2. Le déploiement opérationnel : aligner le capital humain sur les standards internationaux
La mise en vigueur d’une norme ne vaut que par la qualité de son exécution. C’est tout l’enjeu de la session de formation d’envergure nationale organisée à Tunis. Réunissant les vétérinaires officiels venus des gouvernorats de tout le territoire, cette initiative vise une appropriation homogène du manuel.
Au-delà de la simple révision des caractéristiques physiopathologiques et épidémiologiques du virus, la formation insiste sur l’uniformisation des réponses administratives et techniques. En renforçant les compétences de ces cadres de santé animale, la Tunisie s’assure que chaque signalement de morsure ou de comportement suspect donnera lieu à une réponse prédictive, rapide et conforme aux exigences de l’Organisation mondiale de la santé animale, neutralisant ainsi le coût humain et financier des crises sanitaires.
3. Modernisation structurelle et cap sur l’horizon mondial 2030
Cette offensive tunisienne s’intègre dans une dynamique globale de mise à niveau de ses infrastructures de sécurité sanitaire. L’appui de la FAO, matérialisé par les ressources du Pandemic Fund, ne se limite pas à une gestion de crise conjoncturelle. Il s’agit d’un investissement de long terme dans la modernisation des services vétérinaires nationaux, optimisant les mécanismes d’alerte et de surveillance épidémiologique face aux zoonoses prioritaires.
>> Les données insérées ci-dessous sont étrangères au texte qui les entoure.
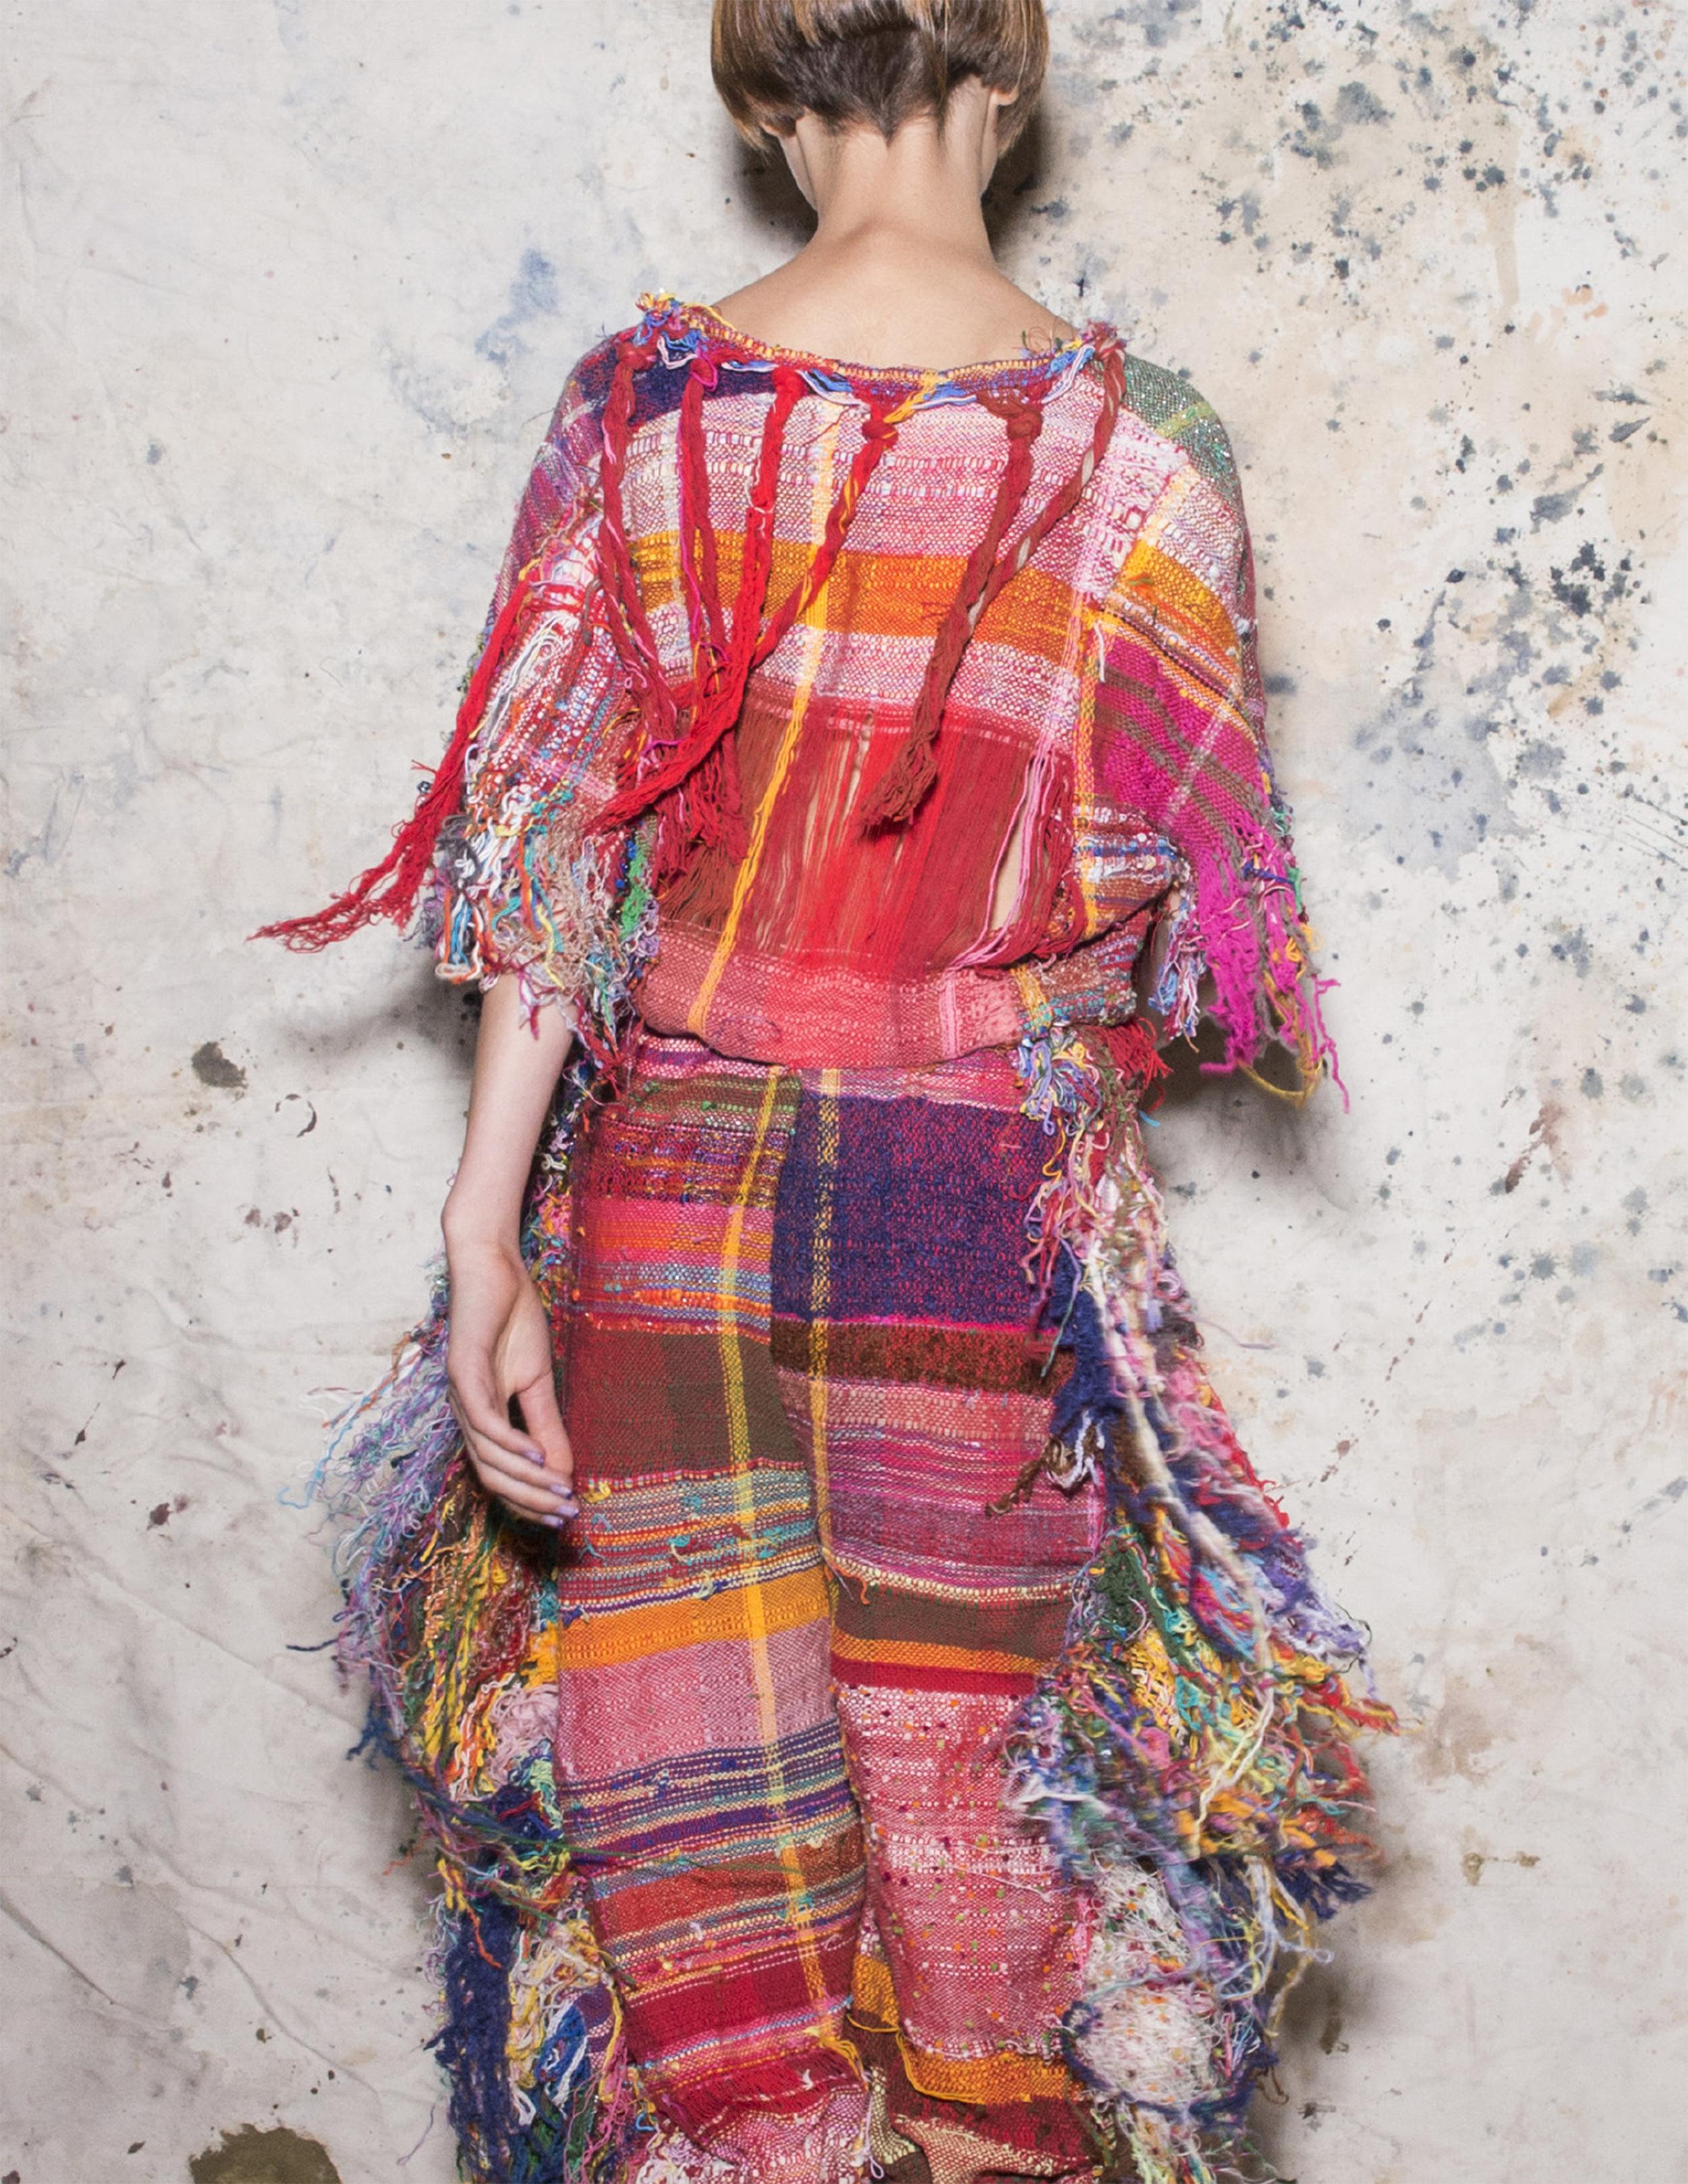 Designer - Taylor McMahon/Weaver- Kazuko Ito

Cette transition s’aligne directement sur l’objectif international « Zéro d’ici 30 » : éliminer totalement les décès humains dus à la rage transmise par les chiens à l’horizon 2030. En sanctuarisant son territoire par des protocoles standardisés, la Tunisie consolide sa souveraineté sanitaire et s’affirme comme un élève rigoureux de l’approche intégrée One Health (Une seule santé) en Afrique du Nord.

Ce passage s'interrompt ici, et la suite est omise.